Рейневан вышел на улицу, вздохнул. Прага утихала. Отголоски буйных забав понемногу уступали место хорам надвлтавских лягушек и сверчков в монастырских садах.
Он направился в сторону Конских ворот. Из домов и подвальчиков, мимо которых он проходил, сочились кислые ароматы, слышался звон посуды, девичьи попискивания, уже немного туповатые выкрики и все менее стройное пение.
Повеял ветерок, неся запахи цветов, листьев, тины, дыма и бог весть чего еще.
И крови.
Прага продолжала смердить кровью. Рейневан постоянно чувствовал этот преследующий, не покидавший его смрад. И вызванное этим смрадом беспокойство. Прохожие встречались все реже. Неплаховых шпиков поблизости видно не было. Но беспокойство не проходило.
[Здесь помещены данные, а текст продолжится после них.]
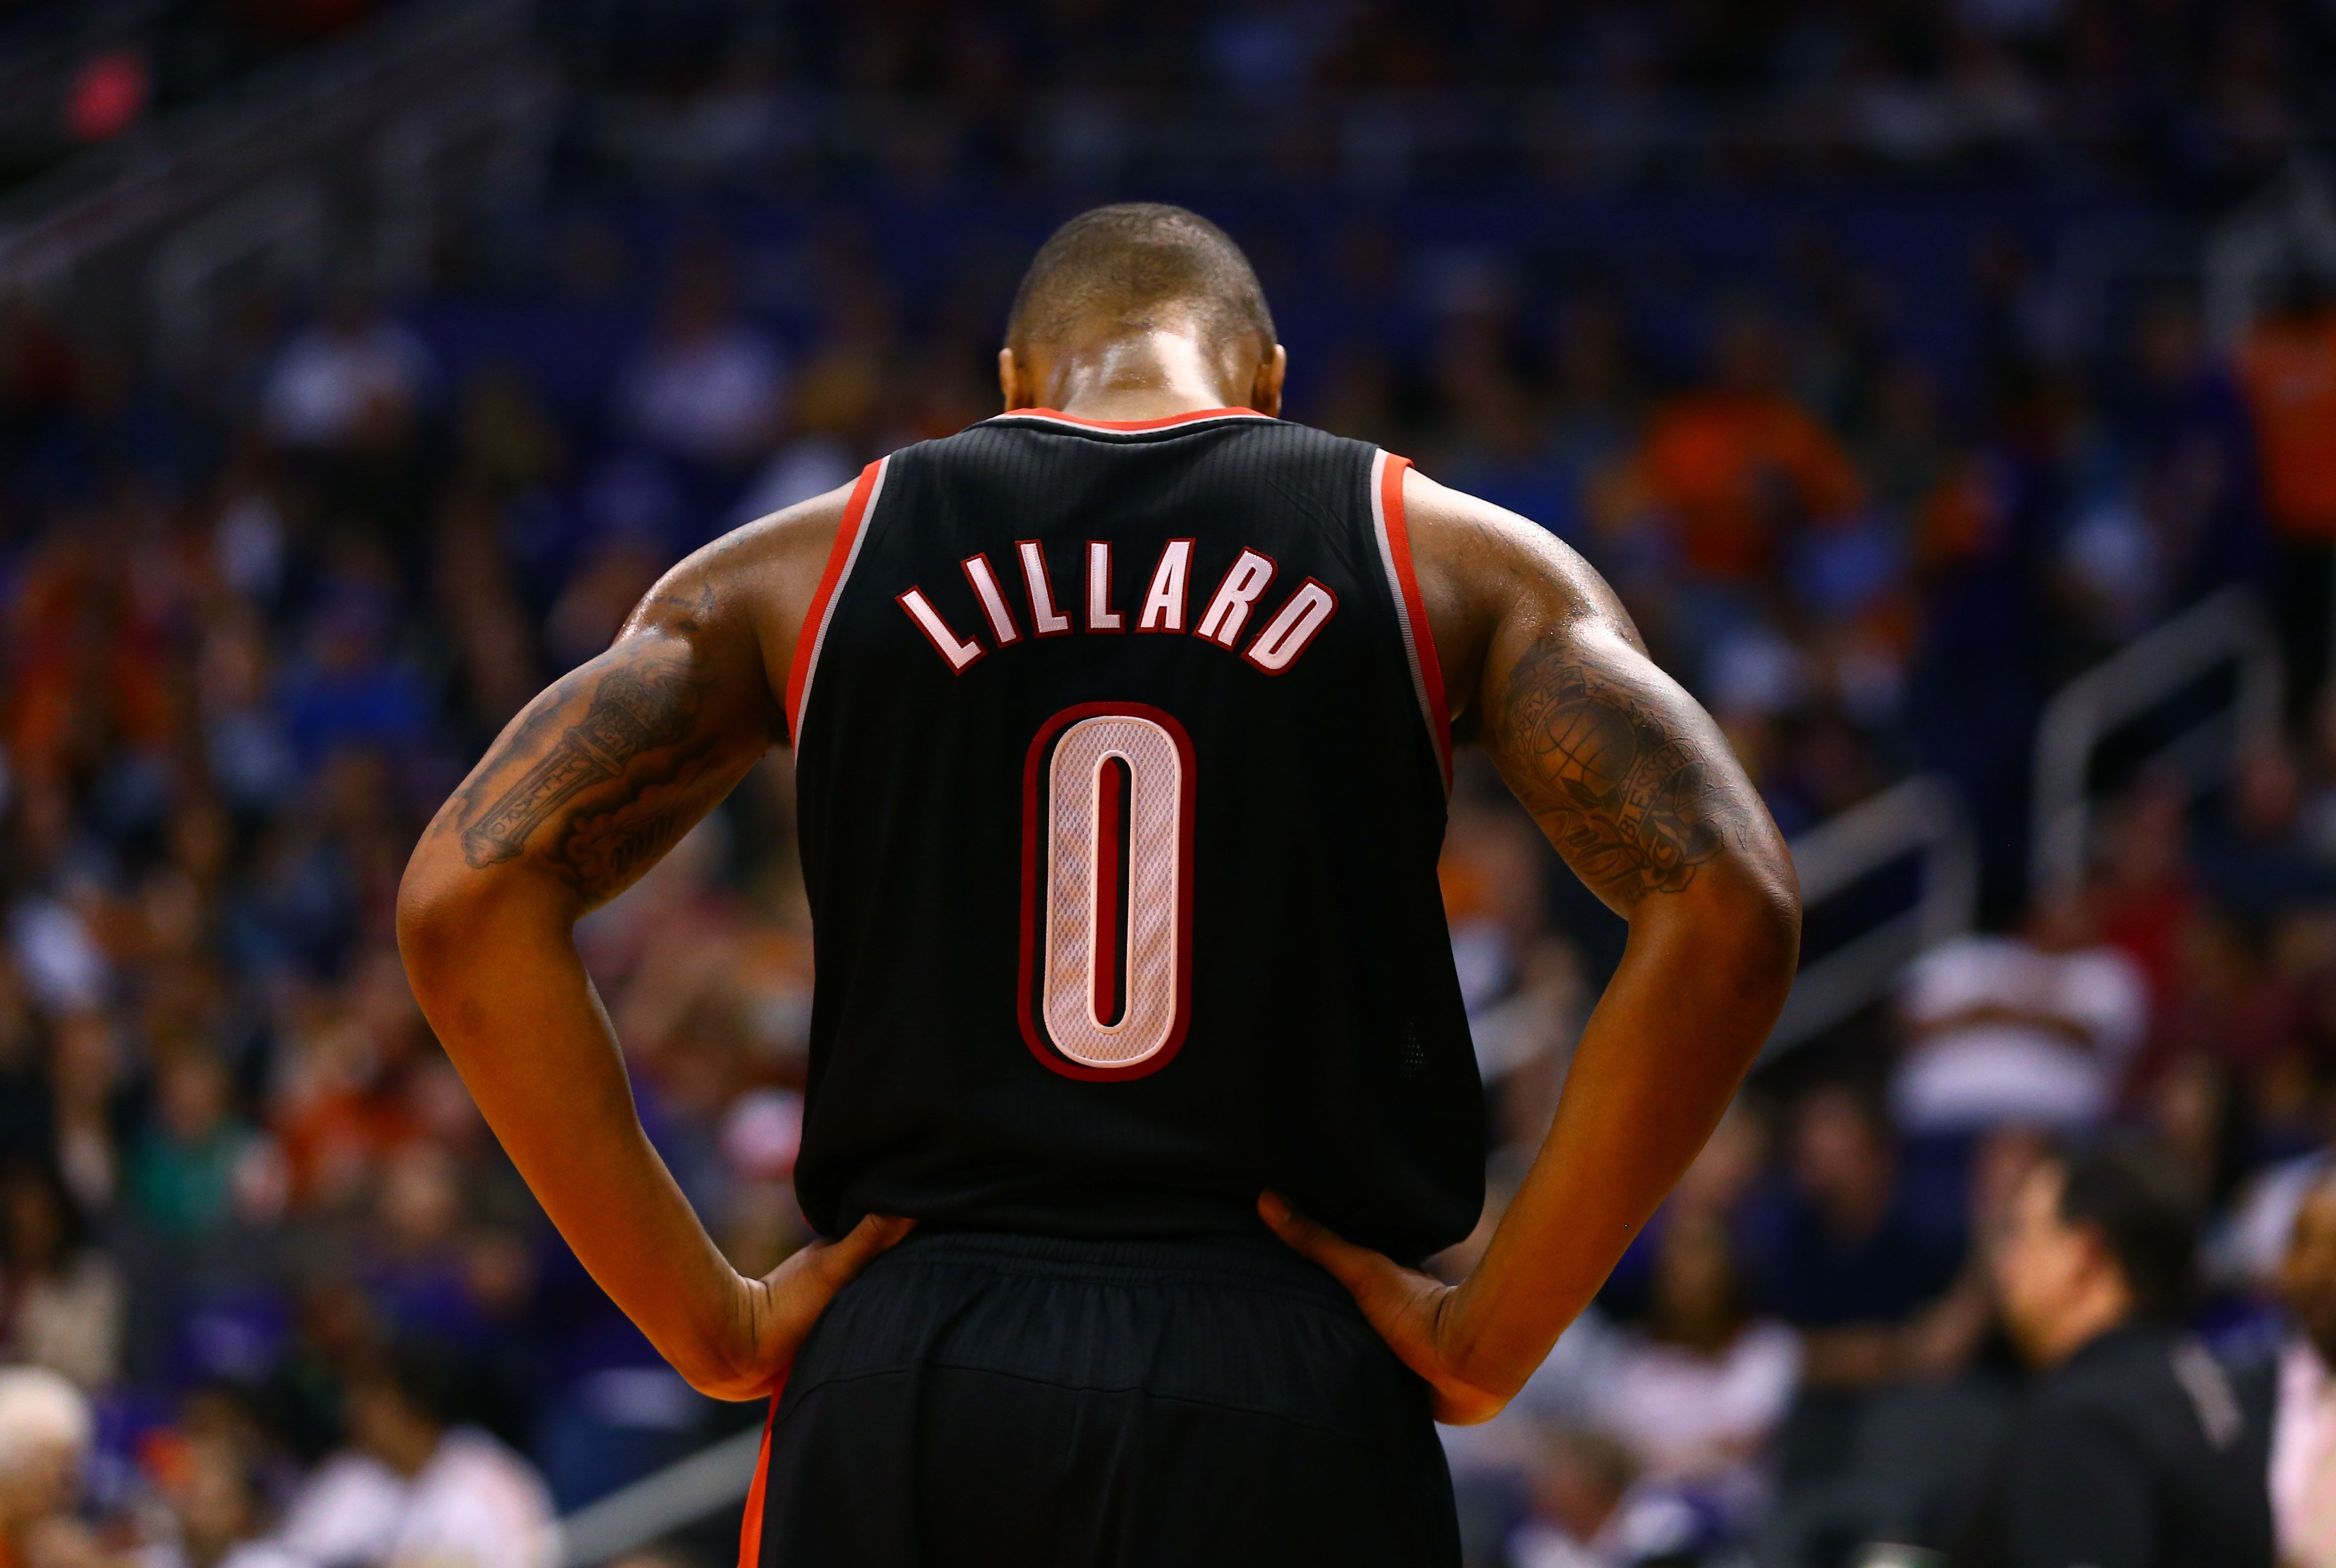 Lillard chose the number 0 to represent his hometown Oakland

Он свернул на Старую Пасижскую, потом с Пасижской на улицу, носившую название «В Яме». Мысли его уносились к Николетте, к Катажине Биберштайн. Он думал о ней неотрывно, и результаты не замедлили сказаться. Воспоминания вставали перед глазами такими живыми и реальными, с такими деталями, что в конце концов это стало просто невыносимо. Рейневан невольно остановился и осмотрелся. Невольно, потому что ведь знал: все равно идти некуда. Уже в августе 1419 года, всего через двадцать дней после дефенестрации, в Праге прикрыли все до единого бордели, а всех до единой веселых девиц изгнали за пределы городских стен. Во всем, что касалось строгости нравов, гуситы были чрезвычайно суровы.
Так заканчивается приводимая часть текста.